The data part contains all data value belonging to the bucket. The index part contains for each column the following data:

-----------------------------------------------------------------------
| \#values stored | row numbers of values | offset in data part of |
| for column i | stored for column i | values stored for column i |
-----------------------------------------------------------------------
0 4 4+4*nrval

Note that the row numbers in the bucket start at 0, thus are relative to the beginning of the bucket. The main index kept in ISMIndex knows the starting row of each bucket. In this way bucket splitting and especially row removal is much easier.

The bucket can be stored in canonical or local (i.e. native) data format. When a bucket is read into memory, its data are read, converted, and stored in the ISMBucket object. When flushed, the contents are written. ISMBucket takes care that the values stored in its object do not exceed the size of the bucket. When full, the user can call a function to split it into a left and right bucket. When the new value has to be written at the end, the split merely consist of creating a new bucket. In any case, care is taken that a row is not split. Thus a row is always entirely contained in one bucket.

Class ISMColumn does the actual writing of data in a bucket and uses the relevant ISMBucket functions.

Motivation

ISMBucket encapsulates the data of a bucket.

Definition at line 132 of file ISMBucket.h.

Constructor & Destructor Documentation

casacore::ISMBucket::ISMBucket ( ISMBase parent,
const char *  bucketStorage 
)

Create a bucket with the given parent.

When bucketStorage is non-zero, reconstruct the object from it.

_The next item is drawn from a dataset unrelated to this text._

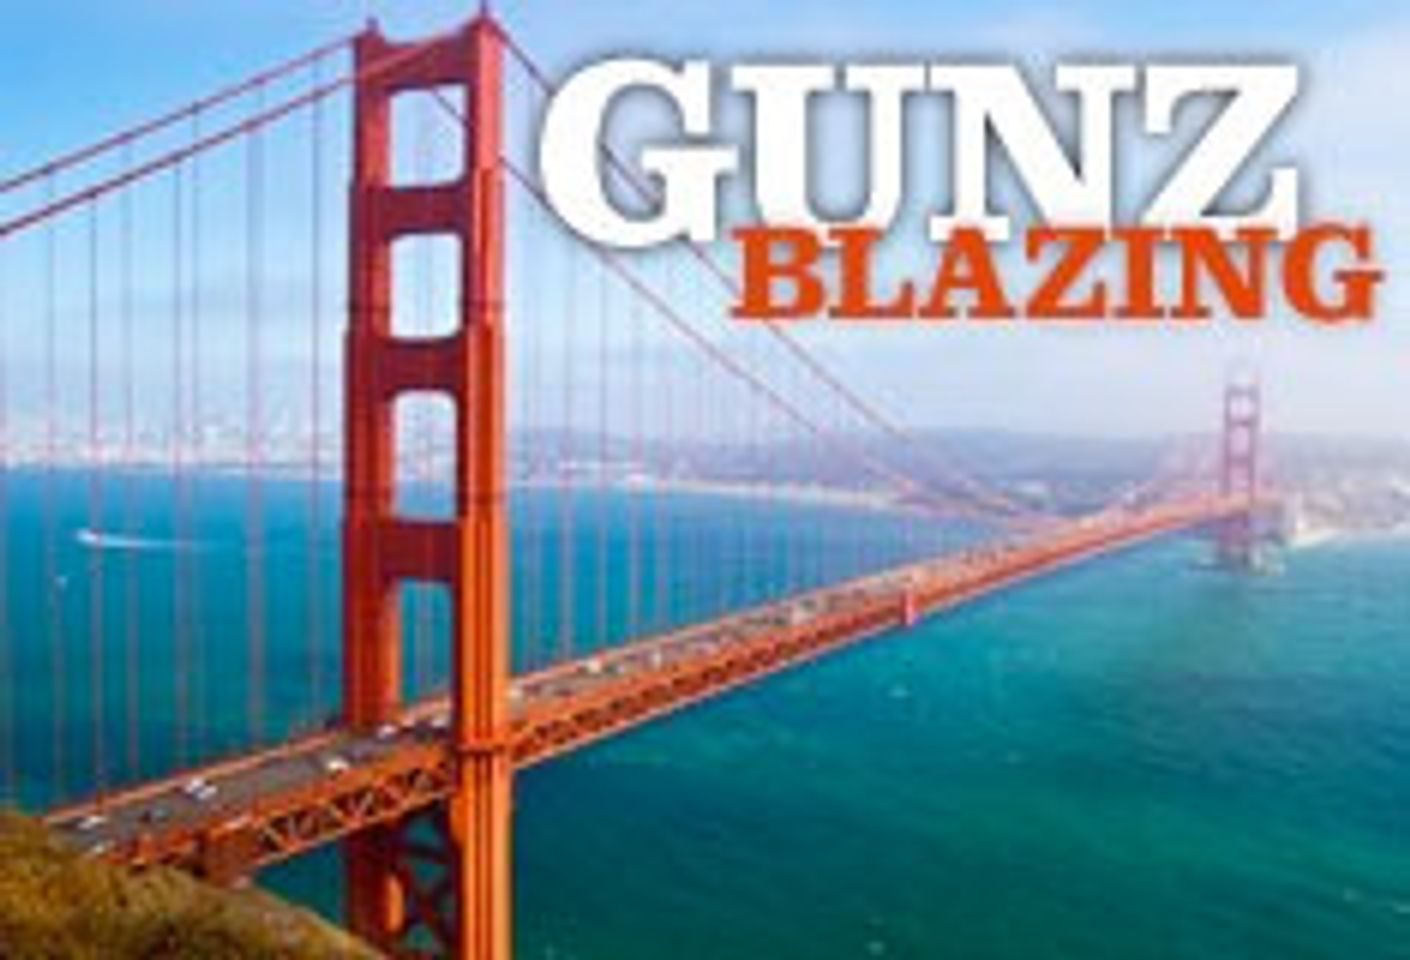 GunzBlazing Launches New Version of Site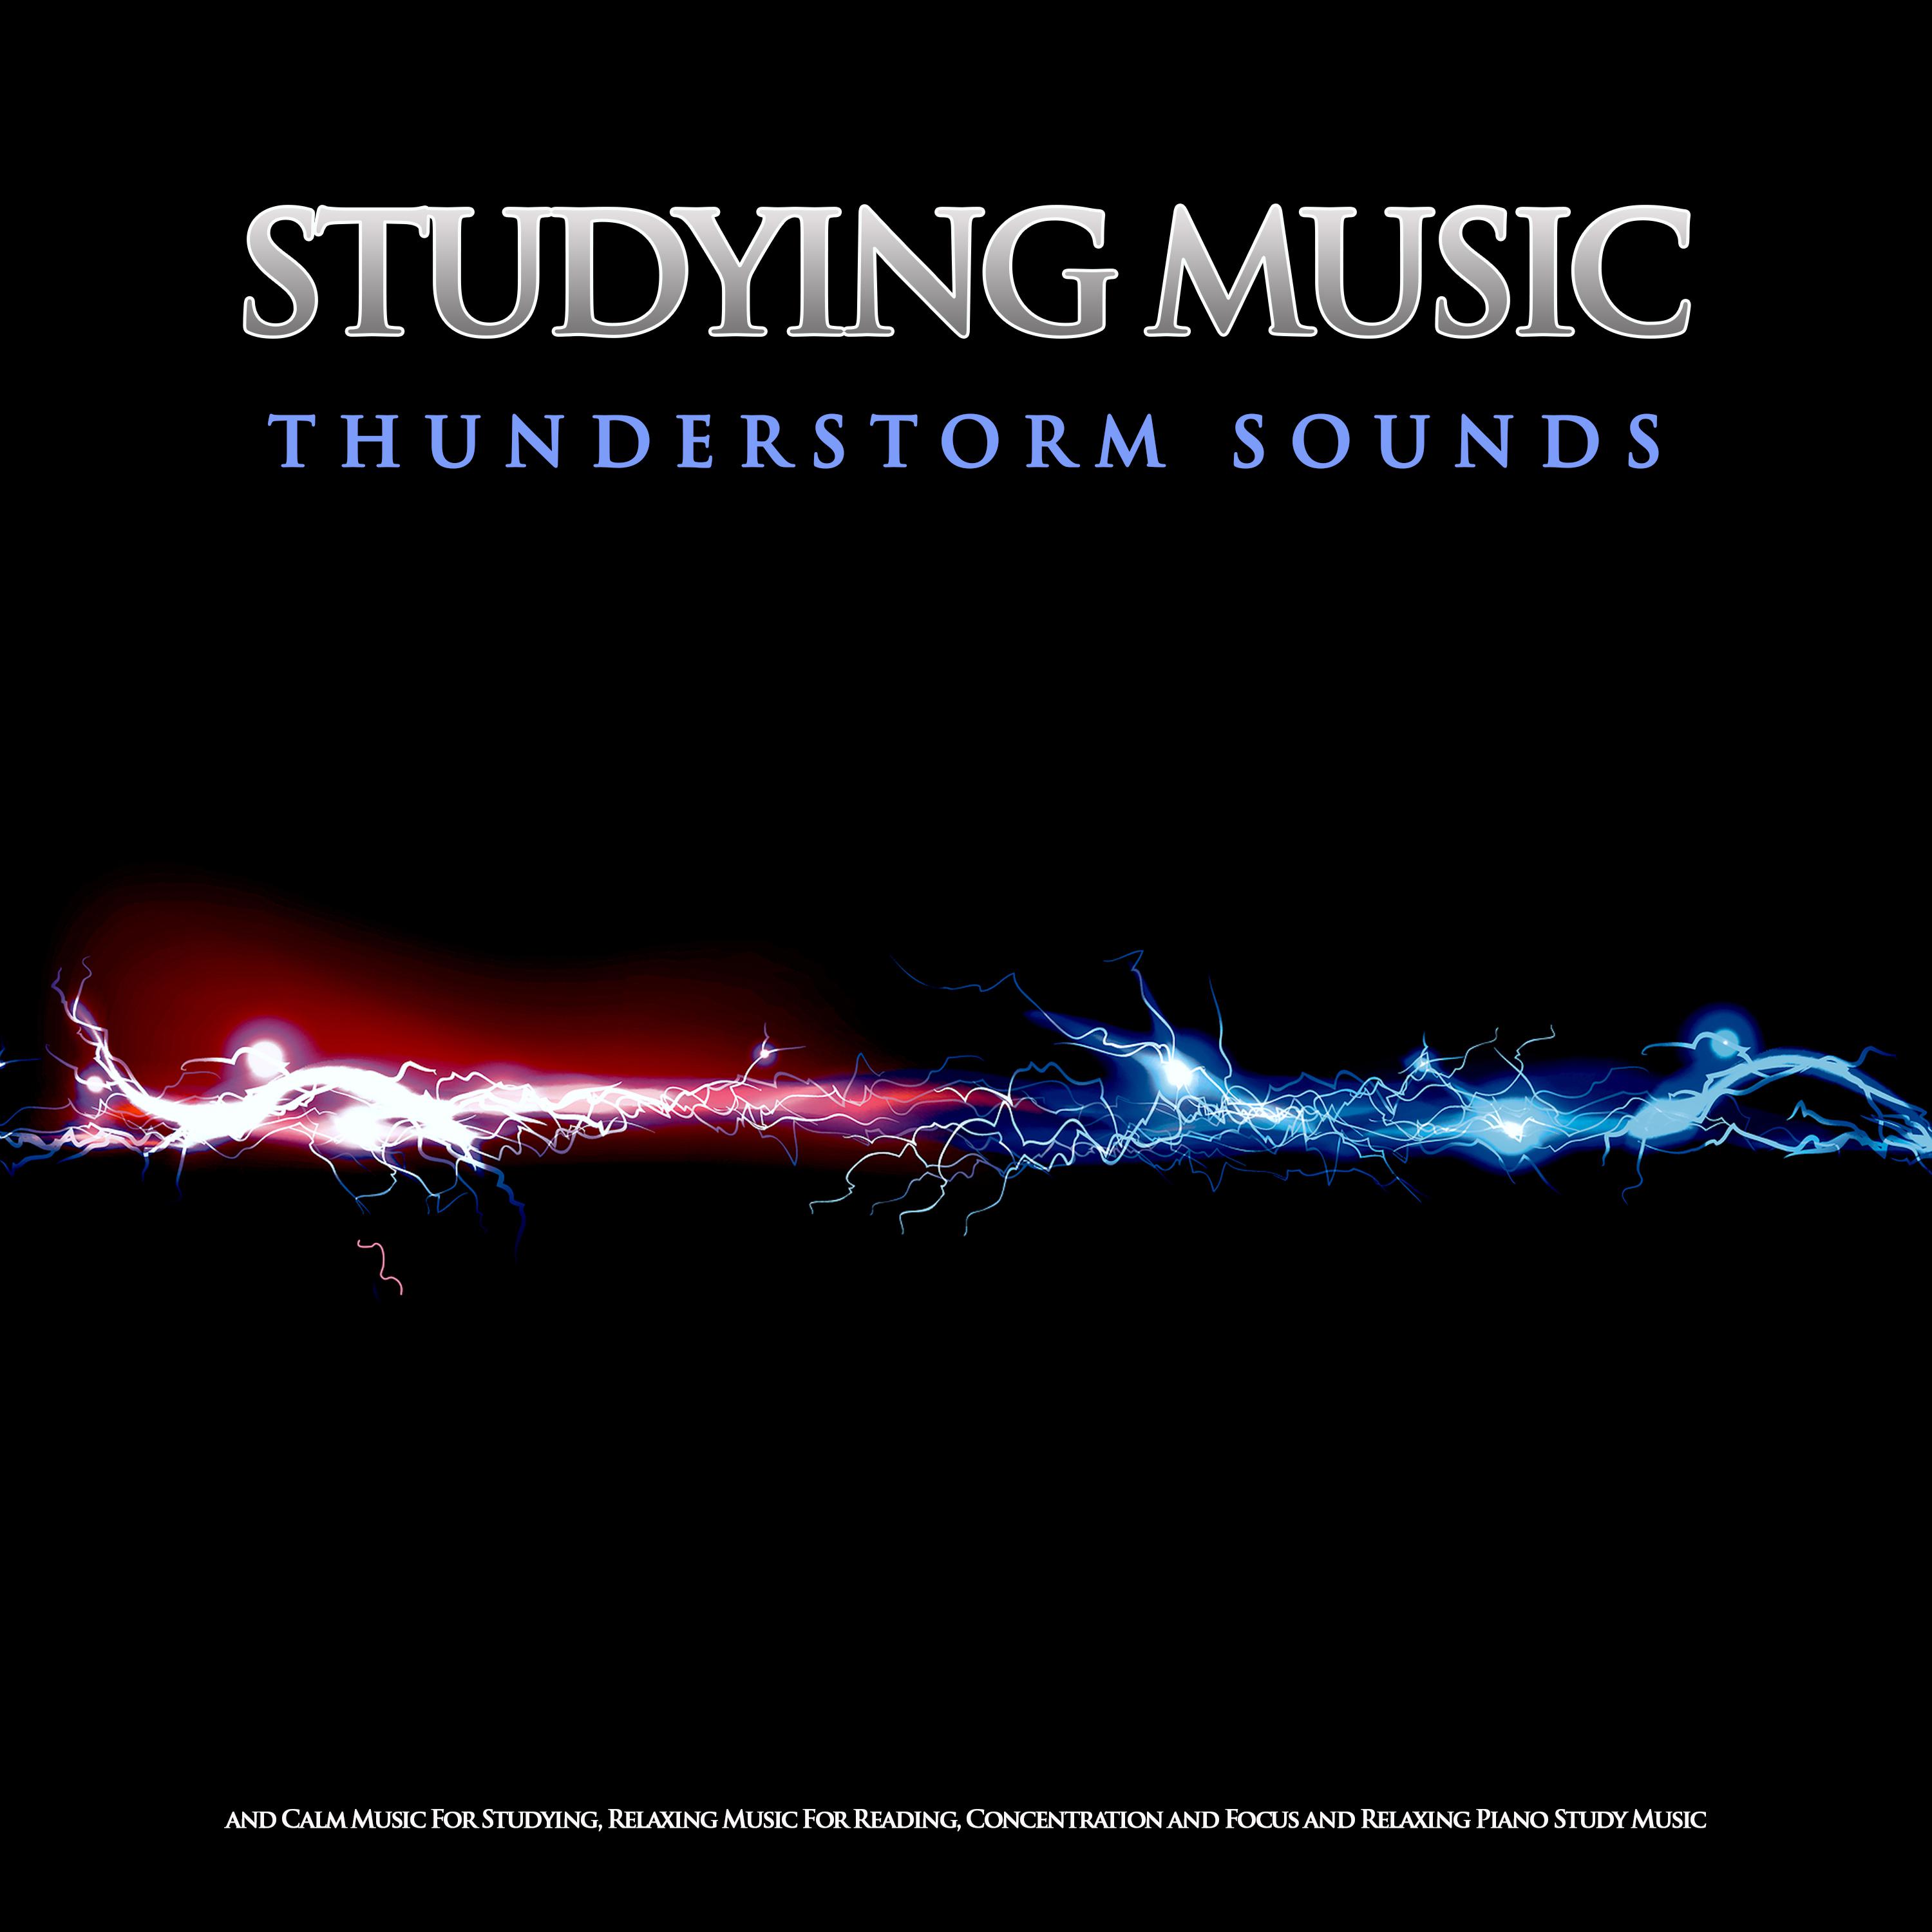 Sounds of a Thunderstorm Studying Music

It keeps the pointer to its parent (but does not own it).

casacore::ISMBucket::~ISMBucket ( )
casacore::ISMBucket::ISMBucket ( const ISMBucket )
private

Forbid copy constructor.

Member Function Documentation

void casacore::ISMBucket::addData ( uInt  colnr,
rownr_t  rownr,
uInt  index,
const char *  data,
uInt  leng 
)

Add the data to the data part.

It updates the bucket index at the given index. An exception is thrown if the bucket is too small.

Bool casacore::ISMBucket::canAddData ( uInt  leng) const

Is the bucket large enough to add a value?

Bool casacore::ISMBucket::canReplaceData ( uInt  newLeng,
uInt  oldLeng 
) const

Is the bucket large enough to replace a value?

Bool casacore::ISMBucket::check ( uInt offendingCol,
uInt offendingIndex,
rownr_t offendingRow,
rownr_t offendingPrevRow 
) const

Check that there are no repeated rowIds in the bucket.

void casacore::ISMBucket::copy ( const ISMBucket that)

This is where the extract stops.